Boys are not physically and mentally fully grown until they are 25. They therefore need at least 8 hours of sleep, preferably more, until then. If they are young teenagers, they need considerably more. https://www.nhs.uk/live-well/sleep-and-tiredness/how-much-sleep-dokids-need/ Getting out of a good sleep routine because of lockdown is only going to make things worse. You can’t feel alert and motivated, if you are tired.

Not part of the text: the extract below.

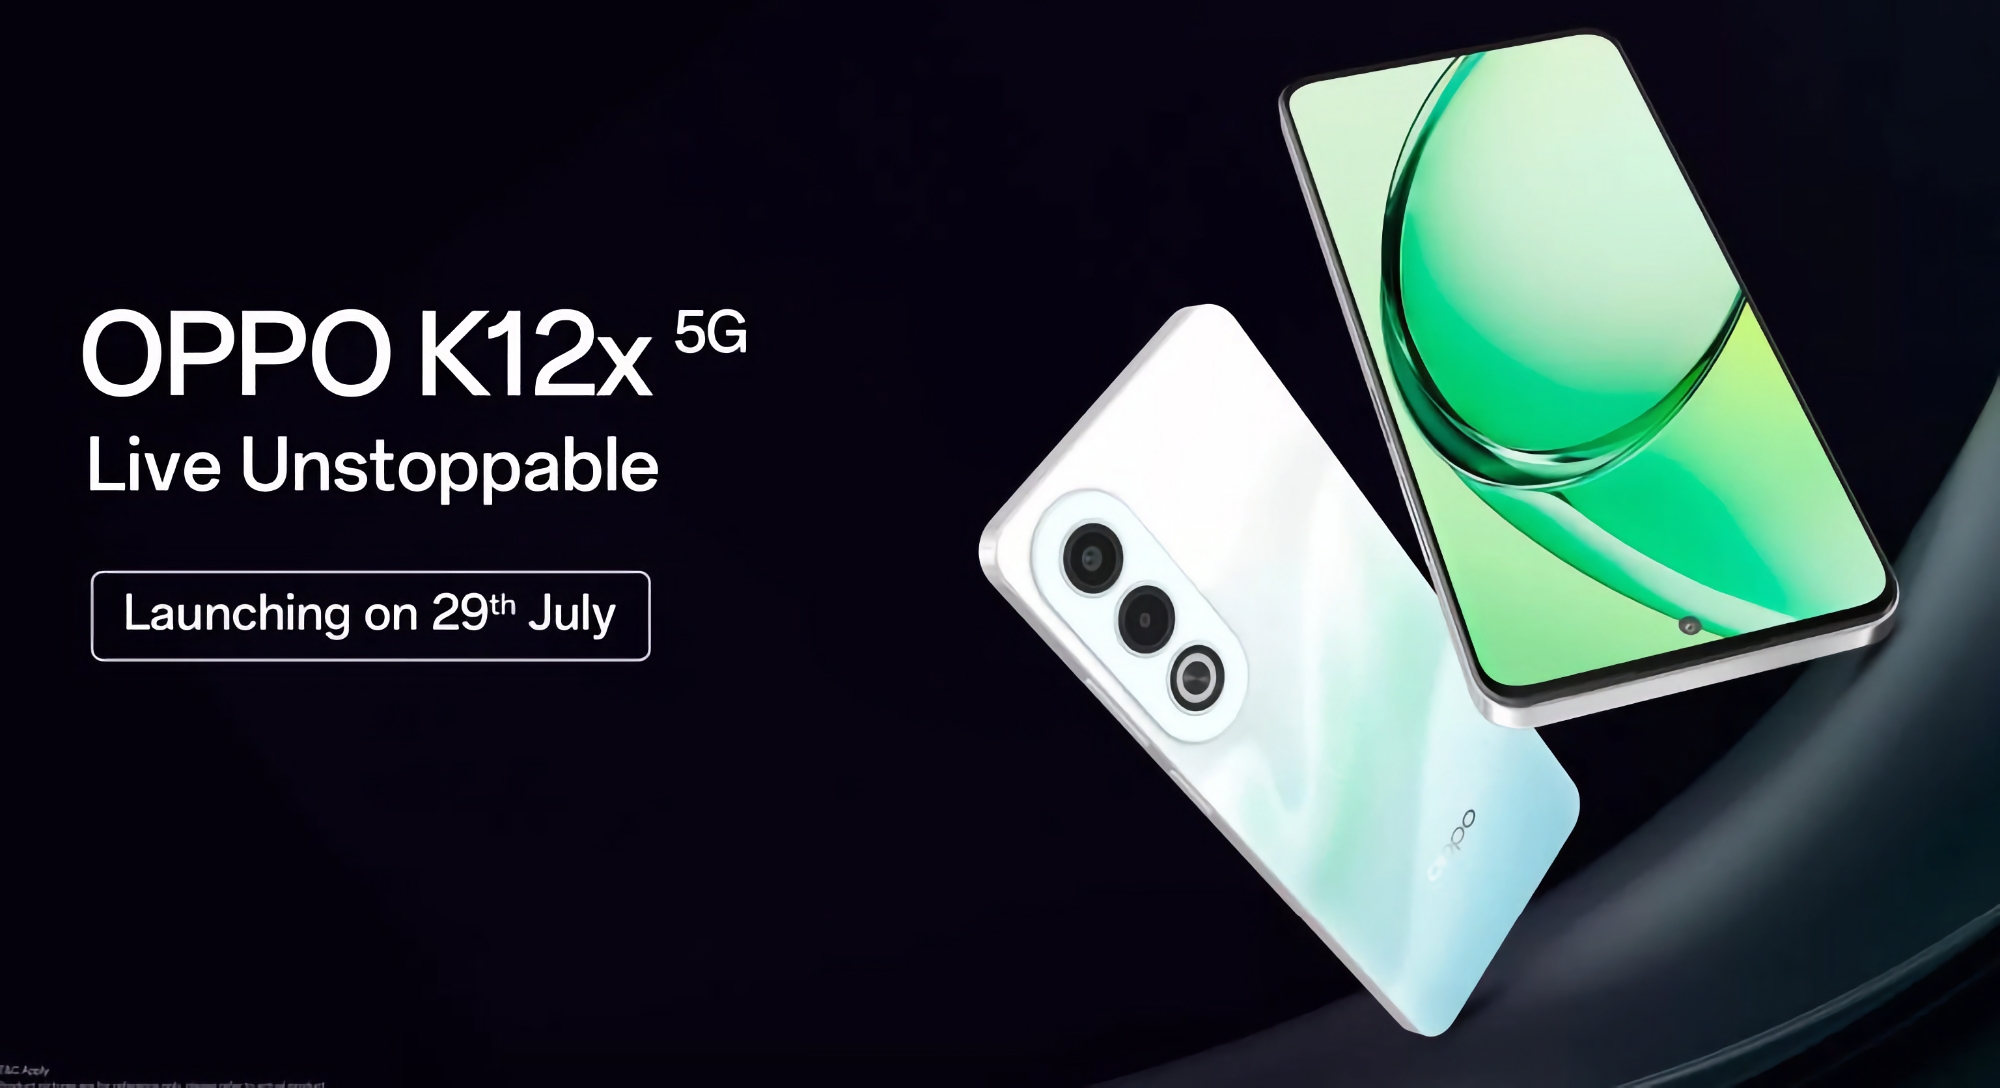 OPPO K12x 5G with MIL-STD-810H and IP54 protection will make its global debut on 29 July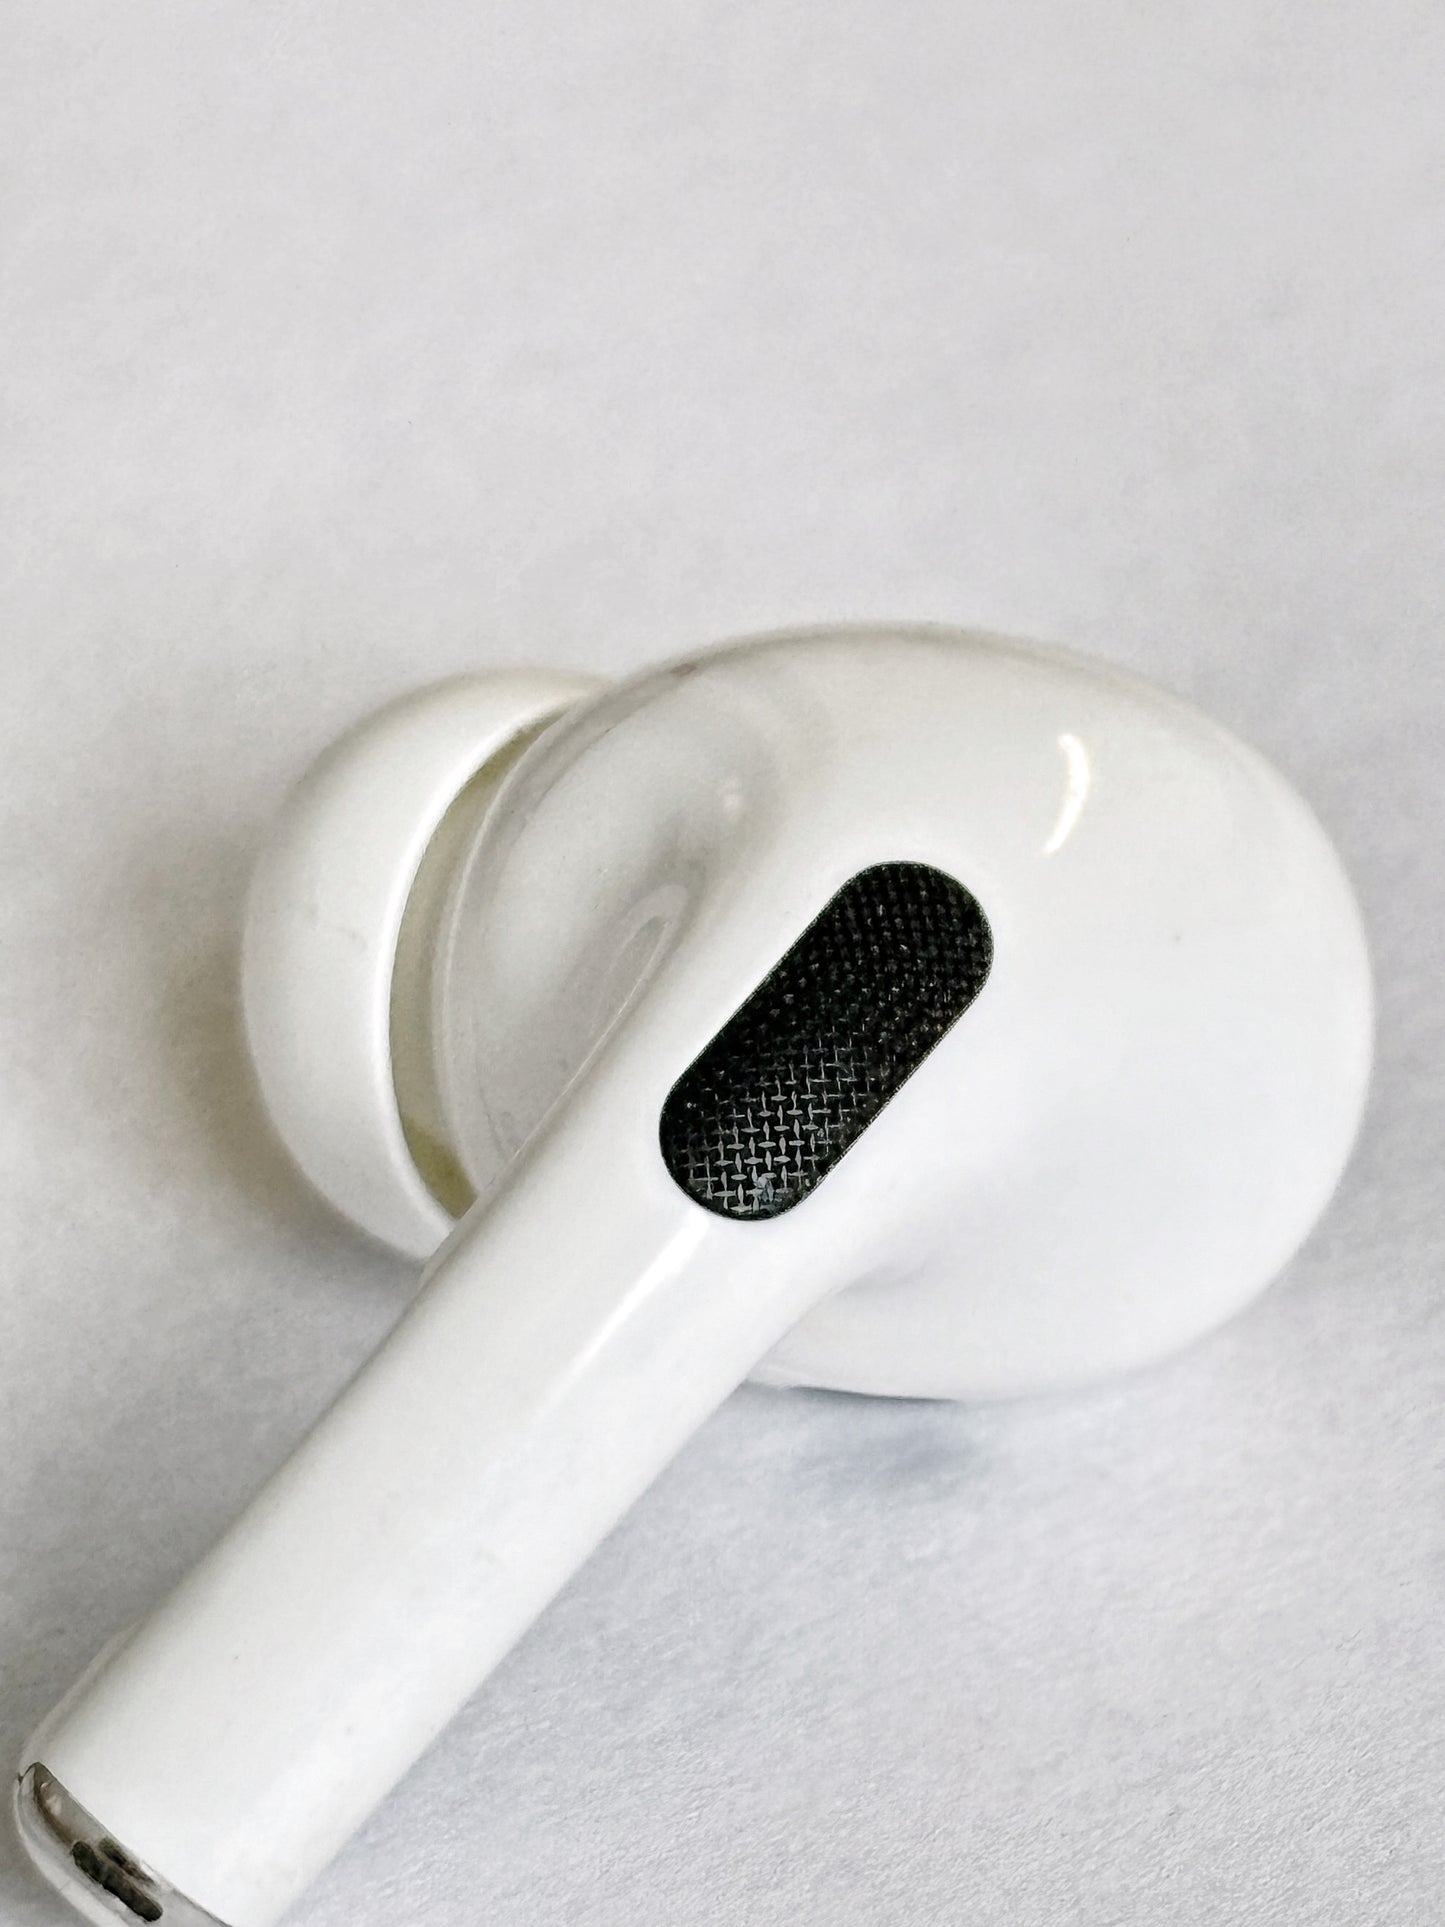 Apple AirPods Pro 1. Generation A2084 links Refurbished

So what can we do about it? I’m sorry if what I’m going to say sounds obvious. I’m also sorry if it sounds impossible. I am the mother of 4 myself, 2 boys, 2 girls and I am very grateful they are now adults and I’m not having to deal with this! However, it is essential that we keep the boys active. Teachers, I suggest that you start or lessons with some physical movement. Maybe this could be discussed amongst you so that it becomes a cross school pattern. Mr Wood, from the leisure centre, has sent out suggestions for exercises etc and I’m sure the PE department has resources available too, as I know they’re working very hard to get boys active. Set activities which take boys out of ‘sad chimp’, both classwork and homework, where you possibly can. Form Tutors, you could explain points 1 – 7 above in a pupil friendly way. Also consider how you can use form periods to get boys physically active and away from ‘sad chimp’. Parents, do absolutely everything you can to get the boys outside and active or at least active. Running, walking, cycling (both road and mountain) are obvious. I know many of you have table tennis tables and trampolines. Have family competitions. Set up a basketball hoop. Use indoor gym equipment. Suggest roller skating or skateboarding. Consider investing in an e-scooter. Get some simple circus equipment eg. Juggling balls, diabolo. Get involved in geo-caching. See if you can get them to do an online sport, exercise or dance class. If you’re feeling particularly brave, take them wild swimming. There are several good spots in rivers locally and people have been doing it, even without wetsuits – though it’s very important not to swim after heavy rain and when the rivers are in flood and essential to check out details of how to wild swim safely on the outdoor swimming society website. https://www.outdoorswimmingsociety.com/category/survive/rivers/ You might have to lead by example! Modelling is generally more productive than nagging. Nagging simply creates resistance and a more entrenched ‘no’.
Remember too, that kids don’t actually have to be ‘doing something’ to enjoy hanging out outside. Suggest that they meet up with a friend and go and hang out in the park. Teens need the opportunity to be independent and to have some privacy and space from their families and they are so lacking in those opportunities now. Providing they are only hanging out with one person and are observing social distancing, they are following the guidance. You can set boundaries for them, reinforce advice about ‘stranger danger’ and, of course, make sure they have their phones with them, if you are concerned about their safety. It’s also important to try to keep as normal as possible a routine going, to ensure a healthy eating and sleeping pattern. Everyone, do as much as you can to encourage flexible thinking. eg. Going for a run might be a useful experiment to see how it might affect one’s mood. It isn’t a lifelong commitment, just worth giving a try.
Nagging is counter-productive. You might consider the Motivational Interviewing approach instead. Here’s a great recent Guardian article about it and you’ll find masses more on the Internet about this approach to encouraging change.
https://www.nytimes.com/2021/01/31/opinion/change-someonesmind.html
Important note: Those recovering from Covid 19 need to be careful building up exercise. There is research showing that overdoing it in the early stages can leave the patient feeling exhausted the next day. Good luck, everyone!